Art Historian Lauds the Work of Car Designers in New Book

A relative handful of visionary artists are responsible for the success or failure of new American cars in the marketplace, according to C. Edson Armi, professor of art history at the University of California, Santa Barbara, and the author of the recently released "American Car Design Now."

The product of more than three years of research, the book is a collection of Armi's essays and interviews with the design directors of General Motors, Ford, and Chrysler.

The author was given unprecedented access to the notoriously secretive and guarded design studios of the car giants, and the result, according to a review of the book, "is an insider's perspective on the making of new American cars, of new American dreams."

The production of a new car is years in the making, according to Armi, who established himself as the authority on car design with his first book on the subject published in 1988.

He says that the stake for American carmakers is enormous. "It can cost as much as $1 billion to design a new car," he said.

He describes the car design profession as a "relatively small club," with most top designers coming from just three schools: the Royal College of Art in London, the Center for Creative Studies in Detroit, and the Art Center College of Design in Pasadena.

Armi said that the best designers have taste, determination, imagination, patience, and "an almost fanatical attention to detail."

The Big Three automakers, Ford, Chrysler, and General Motors, have struggled against foreign competition for many years, and are determined to bolster car profits with innovative new designs.

For example, the industry is rushing to produce "crossovers," a growing category of alternatives to sport utility vehicles combining car and truck features.

One such automobile, scheduled to go on sale in the fall, is Ford's Freestyle, characterized by Armi as "an amazing vehicle.

It combines the subtle styling of a German luxury car with the seating position of a SUV." It was designed by one of the premier artists in the business, J Mays, who came to Ford in 1997 from Volkswagen where he had designed the new Volkswagen Beetle.

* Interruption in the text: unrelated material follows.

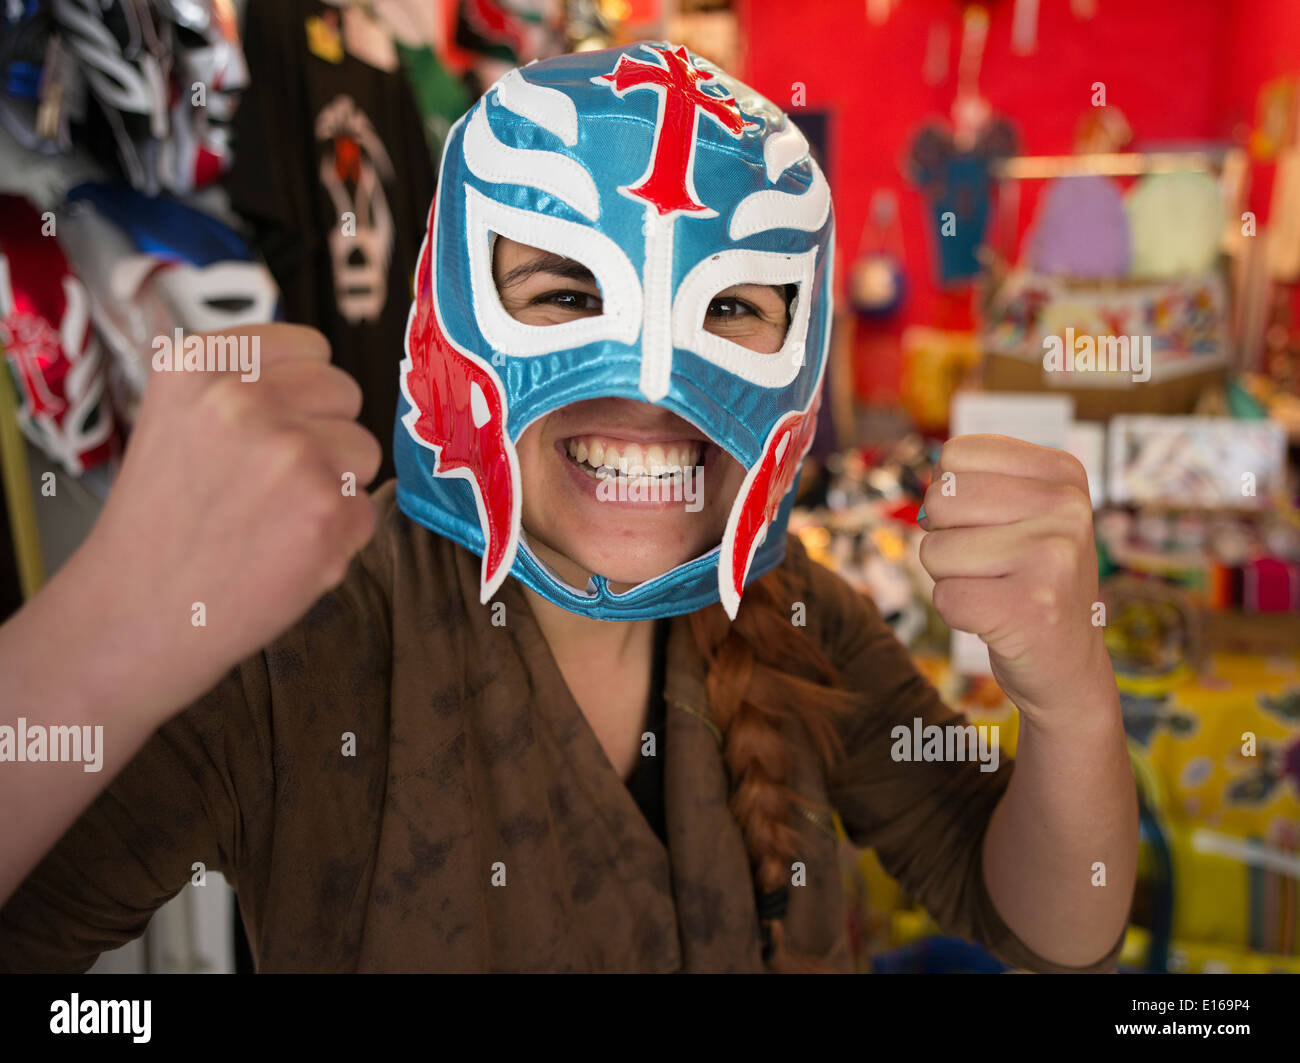 Máscaras de lucha libre mexicana en venta a tope, una tienda de productos mexicanos en el Mercado, saliendo Imagen De Stock

Armi said that Ford is developing other interesting cars for release this year and in the years ahead.

"Ford owns Volvo now, and some of the new Fords will be built on Volvo chassis," he said.

In conversations with Armi, Mays told the author that he is convinced that although geometry is the foundation of all good design, "I also believe that cars should express values and emotion."

"So far, Mays's successes at Ford, in large part, stem from his persistence and drive for perfection," Amri wrote.

Mays agreed: "I guarantee you that a lot of design is just stick-to-itiveness ó being able to stay in there, to have the stamina and, when everybody else gives up, to just keep going."

Chrysler is facing new challenges as their longtime chief designer, Tom Gale, retired after Chrysler became DaimlerChrysler in 1999 and "the fortunes of the company took a dive," Armi said.

Although the new design team, led by Trevor Creed, "seem keen to continue a number of Gale's policies, such as encouraging and respecting individual input at all levels of the design organization, the first signs are not encouraging.

Creed has not been able to translate a concept car into a successful production mode."

Armi describes General Motors (GM) chief designer, Wayne Cherry, who retired last fall, as a "man with a mission: to transform forever the way cars are designed.

Cherry's major contribution to designing cars at GM has been to install computer-aided design as an integral part of the operation.

"In the decades ahead, this technically advanced method of design will come to dominate the creation of all cars," Armi said.